Central questions still have to be addressed. Are all CDE/CHR promoters regulated by the same protein complex? Will changes in the sequence of a CDE/CHR tandem site lead to a recruitment of different proteins? Are class I and class II promoters bound by different protein complexes? Why are some promoters class I in mouse and class II in humans, and vice versa, as demonstrated for cyclin B genes? How are class II promoters, which do not contain a functional CDE, regulated? If the DREAM complex is the main regulator of CDE/CHR cell cycle genes, to which promoter sites does it bind during any particular phase of the cell cycle? What is the exact mechanism of p53-dependent downregulation of CDE/CHR genes? Is this mechanism the same for all promoters?

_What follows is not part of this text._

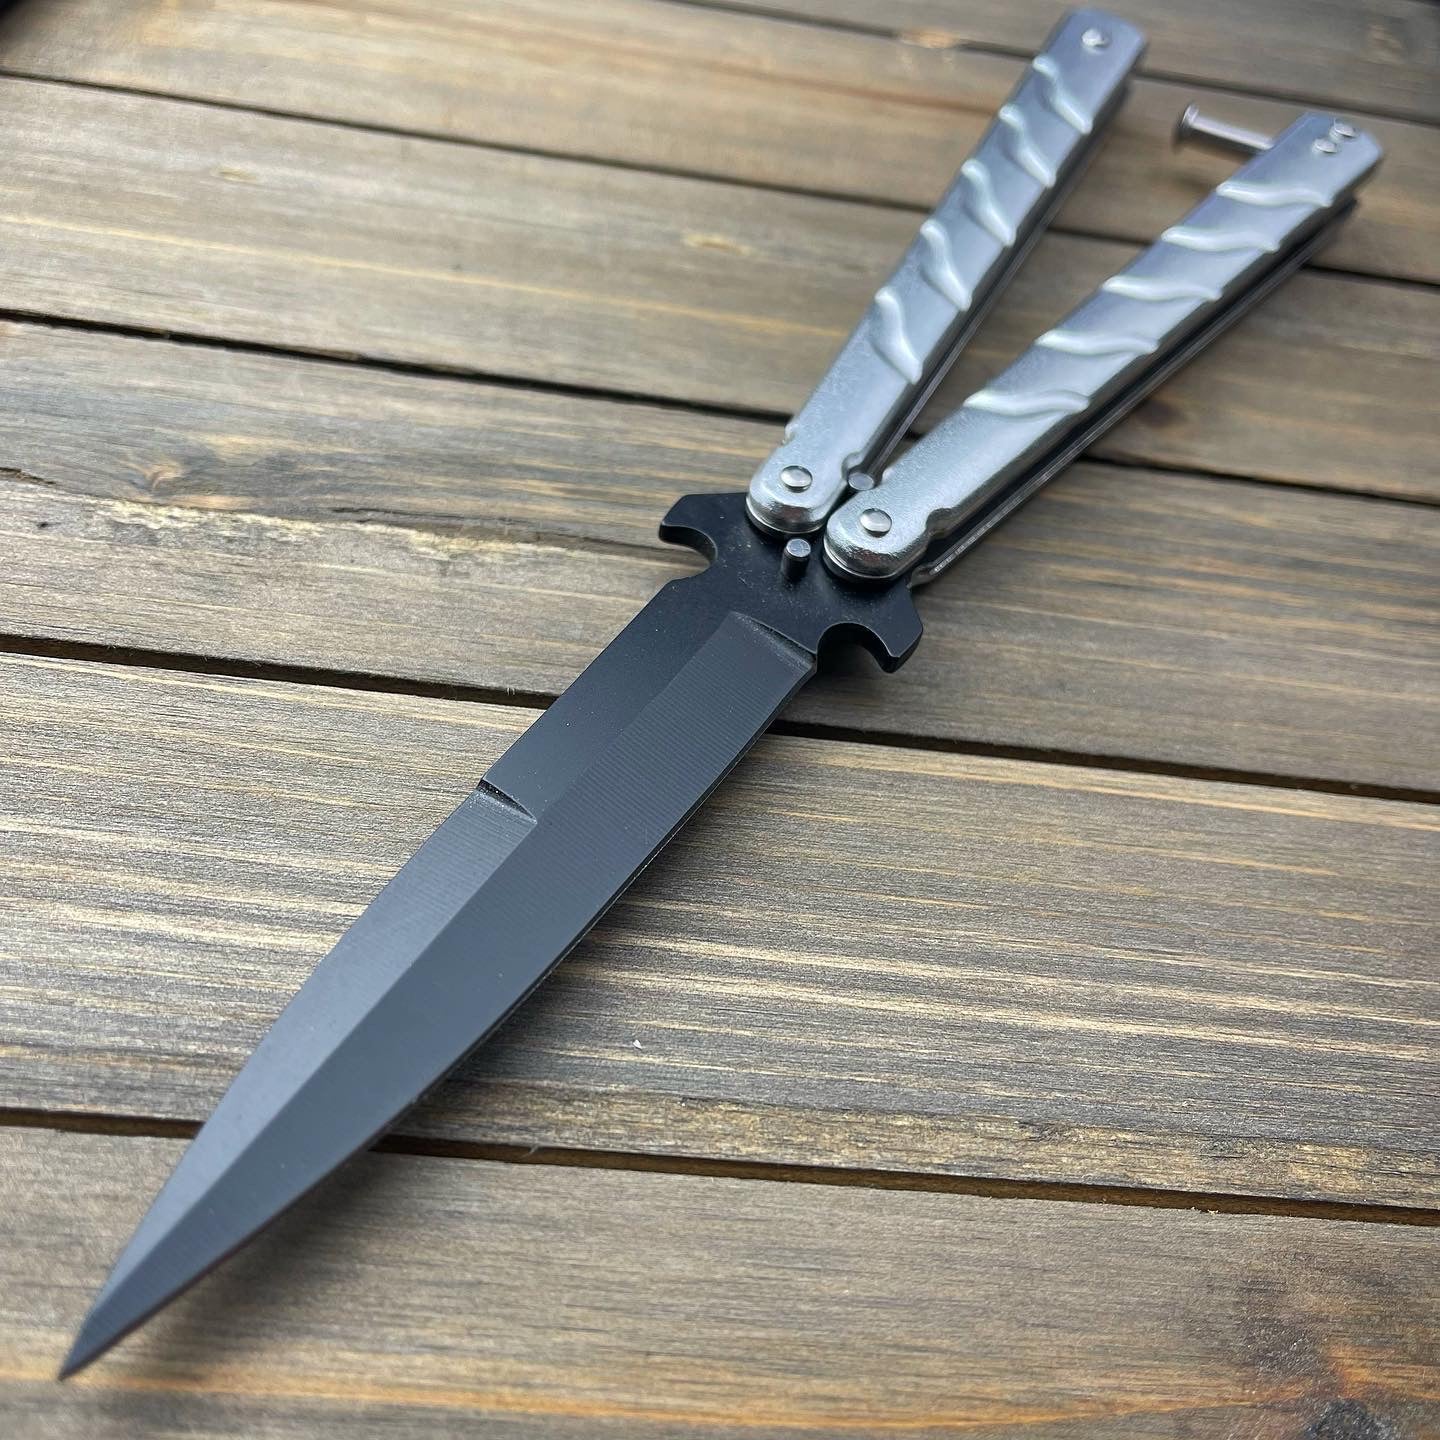 The HELIX Butterfly Knives

More than a decade after the initial observation of the tandem site, CDE/CHR-dependent regulation has been established for many central genes involved in cell cycle control. The CDE is demonstrated to be different from classical E2F elements. Class II promoters have been identified as controlled by just a CHR and to lack a functional CDE. Links have been discovered from CDE/CHR promoter control to pathways regulated by p53, E2F and the pRB family.

Acknowledgements

G.A.M. was the recipient of a graduate fellowship awarded by the Freistaat Sachsen. Research in our group was supported by the Bundesministerium für Bildung und Forschung (BMBF) through the Interdisciplinary Center for Clinical Research (IZKF) at the University of Leipzig and the Deutsche Forschungsgemeinschaft by grants SPP 314, EN 218/6-1 and 6-2 (to K. E.).